Светлана Инеева – Город-сказка (страница 4)
А ей винить себя не за что и вообще, надо жить дальше.
Боялись вот чего: труп, дело такое, что он завсегда мог уплыть неспросясь, мало того что он пузырил своими газами постоянно, привлекая внимание взглядов с поверхности, так ещё же и всплыть норовил что воздушный шарик. Это же потом хлопот не оберёшься, труп-то всяко увидят с поверхности, доставать начнут, мавка взбеленится и устроит панику, кто знает, что у горюющей женщины на уме бродит?
Еле уговорили припрятать тело под машину, испрося разрешения расковырять ему пузо до кишок. Затолкали её черноглазого под дно, приподняв тачку на руках, только ноги его торчали сбоку, там он и застрял, шлейфом разнося ниже по течению канала сладковатый запах.
До зимы-то он и пролежал, мавка горевала, и не давала его никому, пока кикимора под конец рождественского поста не приплыла к ней, жалуясь на головную боль от колокольных звонов, и не упросила дать ей «одну только лапку, здоровье поправить», Мавка, давно бредившая запахом от тела, разрешила, и даже помогла снять ботиночек с опухлой ноги. Глядя на то как жадно кикимора вцепилась в пальчики, девица не выдержала и легко скрутила ему вторую ступню, быстро провернув её в суставе и оторвав вместе с ботинком.
Сидя в машине, аккуратно кусала кусочки, смотрела, как кикимора урча грызёт ноженьку её несостоявшегося мужа. Хрустя мизинчиком, и выплюнув заскорузлый желтый ноготок, она успокоилась и посветлела лицом, уж очень ей вкусно было.
К сочельнику она и соседушки сожрали черноглазого без остатка. Все вокруг радовались её щедрости, пророча мавке на коляду новую любовь и скорое счастье.
Мусор
Семён Михайлович уже в который раз брёл по улице в свой обеденный перерыв, чтобы посмотреть, как по Обводному что-нибудь плывёт. Не то что бы его это очень сильно интересовало, но развеяться было приятно. Работа у него была скучная, сидячая, но ему, по старой памяти, не хватало той бодрой и острой радости сорваться куда-то посреди дежурства.

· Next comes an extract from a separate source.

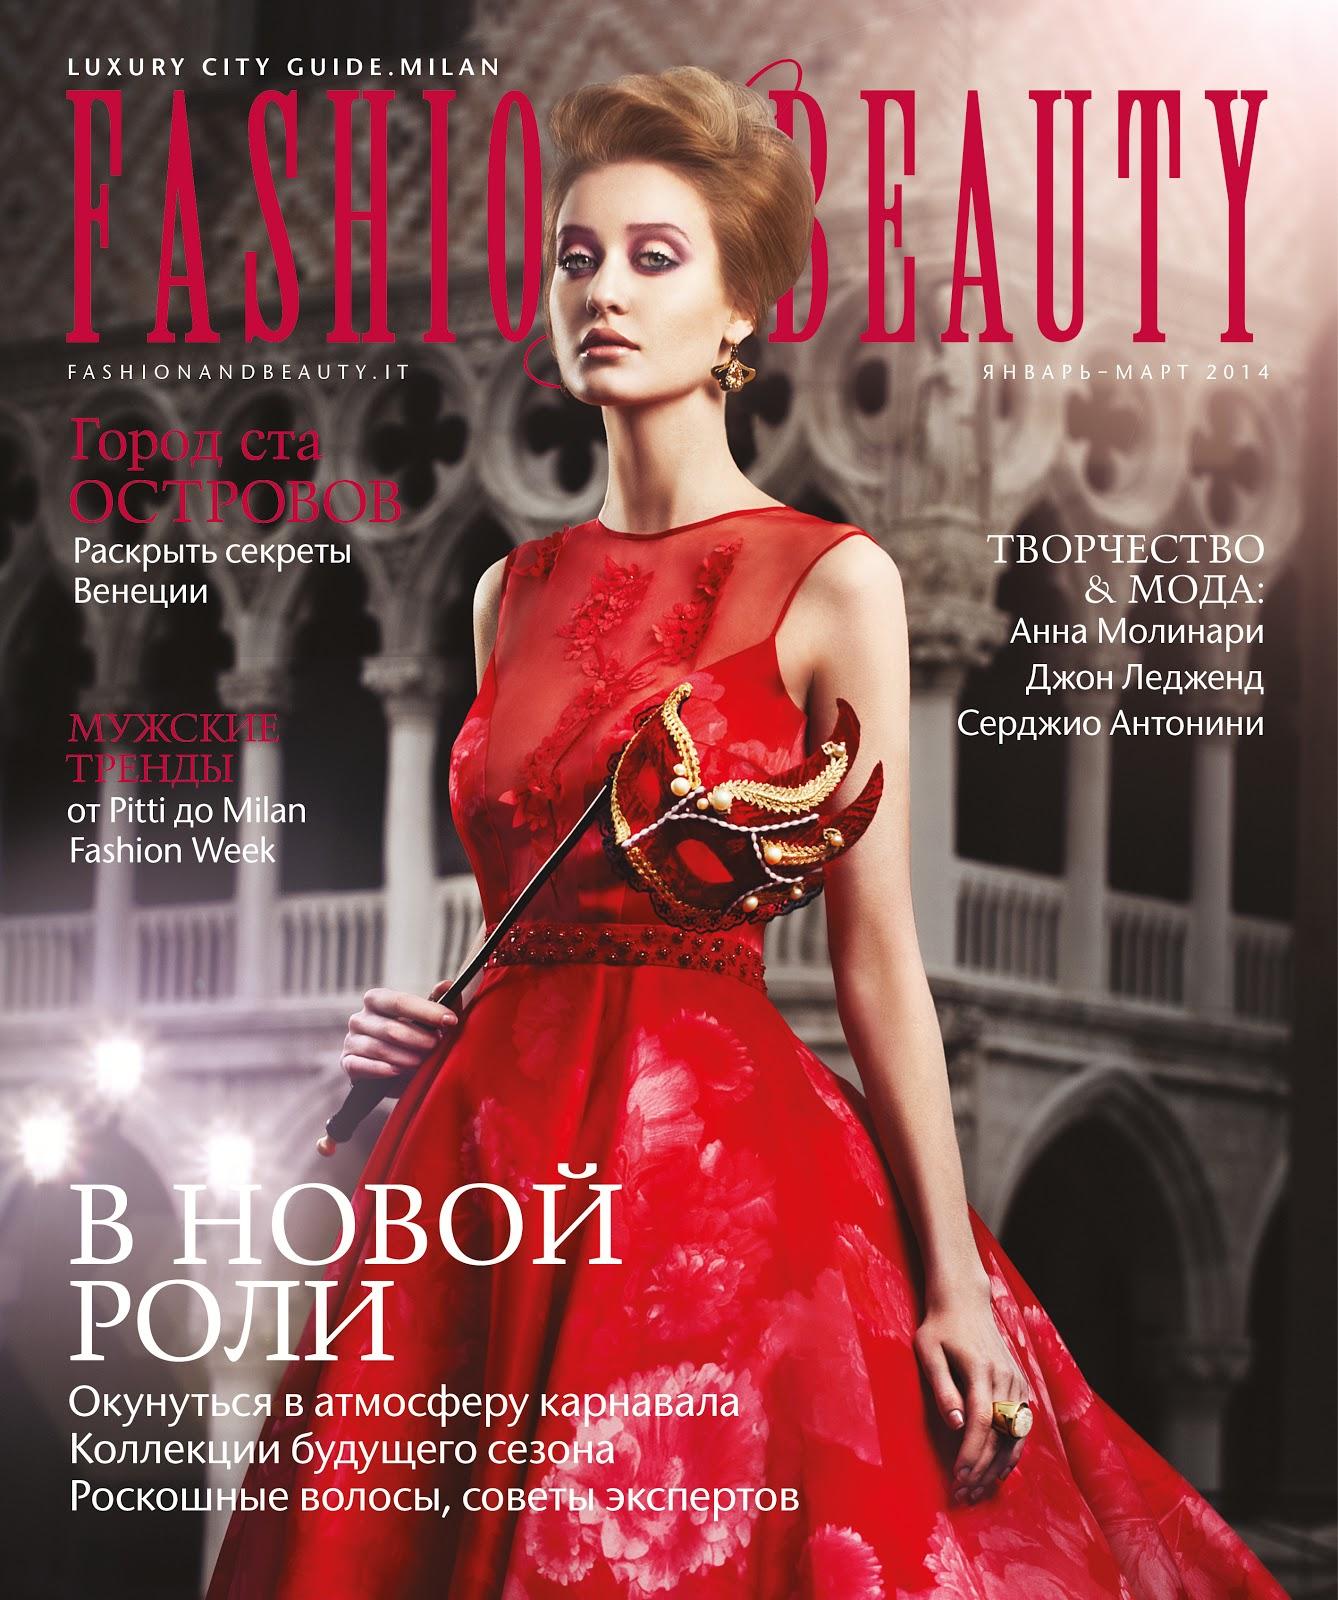 Beauty 2 Fashion: Duchess For A Night: Enya Bakunova By Lior Susana For

Раньше-то он был оперуполномоченный, или, как говаривали в простонародье, – мент.
Потом, конечно, заигравшись в чехарду перестроечных бизнесов Семён Михайлович пытался переобуться в прыжке, да кое-кто недовольный шибко переломал ему обе ноги бейсбольной битой. Говорили, что за дело, да тут уж свечку не держал никто, добавить нечего.
Уже лет семь работал в шараге, куда его пристроили на синекуру за связи и опыт в решении разных вопросов, хотя опыт этот, прямо скажем, был сомнительный.
Хромал сильно. Лет ему было хорошо под пятьдесят, глаза – словно переспелые черешни, вошедшие в такой сок, что уже закоричневели до черноты, – живо блестели на его оплывшем лице, начавшем стареть стремительно, как бывает только у внезапно потерявших любую радость жизни людей.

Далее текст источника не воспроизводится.